BEGIN RECORDS FOR THIS EXERCISE

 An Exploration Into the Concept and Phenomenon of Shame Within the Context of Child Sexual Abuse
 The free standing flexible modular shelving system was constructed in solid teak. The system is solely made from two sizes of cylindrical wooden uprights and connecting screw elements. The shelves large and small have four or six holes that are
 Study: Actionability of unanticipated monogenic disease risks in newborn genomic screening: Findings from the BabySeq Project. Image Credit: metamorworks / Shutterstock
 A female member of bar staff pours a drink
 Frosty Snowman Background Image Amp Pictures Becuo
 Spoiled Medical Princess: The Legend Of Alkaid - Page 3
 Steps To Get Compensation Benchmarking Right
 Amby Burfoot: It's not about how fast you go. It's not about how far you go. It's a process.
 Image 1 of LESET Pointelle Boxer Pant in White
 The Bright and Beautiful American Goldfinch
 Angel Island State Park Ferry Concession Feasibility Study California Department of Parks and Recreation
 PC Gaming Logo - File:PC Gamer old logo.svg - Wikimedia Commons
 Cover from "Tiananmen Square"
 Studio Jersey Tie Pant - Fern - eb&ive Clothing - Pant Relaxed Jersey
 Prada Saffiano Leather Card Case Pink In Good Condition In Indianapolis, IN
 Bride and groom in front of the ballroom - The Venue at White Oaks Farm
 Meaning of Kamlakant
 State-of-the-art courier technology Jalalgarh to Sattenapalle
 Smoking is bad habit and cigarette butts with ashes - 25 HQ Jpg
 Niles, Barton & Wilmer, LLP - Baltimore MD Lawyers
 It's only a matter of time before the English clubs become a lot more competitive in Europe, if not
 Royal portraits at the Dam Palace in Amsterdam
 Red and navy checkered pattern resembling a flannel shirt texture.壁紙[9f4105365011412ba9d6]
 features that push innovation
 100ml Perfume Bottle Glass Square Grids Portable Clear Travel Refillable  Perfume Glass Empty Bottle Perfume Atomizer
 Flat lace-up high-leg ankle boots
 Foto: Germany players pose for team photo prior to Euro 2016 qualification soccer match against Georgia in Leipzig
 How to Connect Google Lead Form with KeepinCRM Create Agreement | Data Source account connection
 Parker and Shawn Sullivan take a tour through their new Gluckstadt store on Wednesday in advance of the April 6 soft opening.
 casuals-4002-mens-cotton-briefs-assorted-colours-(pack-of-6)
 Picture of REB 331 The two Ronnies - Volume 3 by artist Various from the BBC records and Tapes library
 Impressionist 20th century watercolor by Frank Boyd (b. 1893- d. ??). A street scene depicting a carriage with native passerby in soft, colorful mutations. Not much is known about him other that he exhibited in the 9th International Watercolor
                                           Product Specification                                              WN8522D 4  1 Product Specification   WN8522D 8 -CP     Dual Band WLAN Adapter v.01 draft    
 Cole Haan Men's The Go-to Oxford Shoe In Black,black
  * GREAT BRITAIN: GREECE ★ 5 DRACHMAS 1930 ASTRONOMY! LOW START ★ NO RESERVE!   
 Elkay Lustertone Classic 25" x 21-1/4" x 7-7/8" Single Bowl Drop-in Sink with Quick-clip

END RECORDS FOR THIS EXERCISE

WORK TO COMPLETE:
The exact lines of the material above starting at the one that contains "PC Gaming Logo" and ending at the one that contains "features that push innovation" are what to retype; leave out everything else.

SOLUTION FOR THIS TASK:
 PC Gaming Logo - File:PC Gamer old logo.svg - Wikimedia Commons
 Cover from "Tiananmen Square"
 Studio Jersey Tie Pant - Fern - eb&ive Clothing - Pant Relaxed Jersey
 Prada Saffiano Leather Card Case Pink In Good Condition In Indianapolis, IN
 Bride and groom in front of the ballroom - The Venue at White Oaks Farm
 Meaning of Kamlakant
 State-of-the-art courier technology Jalalgarh to Sattenapalle
 Smoking is bad habit and cigarette butts with ashes - 25 HQ Jpg
 Niles, Barton & Wilmer, LLP - Baltimore MD Lawyers
 It's only a matter of time before the English clubs become a lot more competitive in Europe, if not
 Royal portraits at the Dam Palace in Amsterdam
 Red and navy checkered pattern resembling a flannel shirt texture.壁紙[9f4105365011412ba9d6]
 features that push innovation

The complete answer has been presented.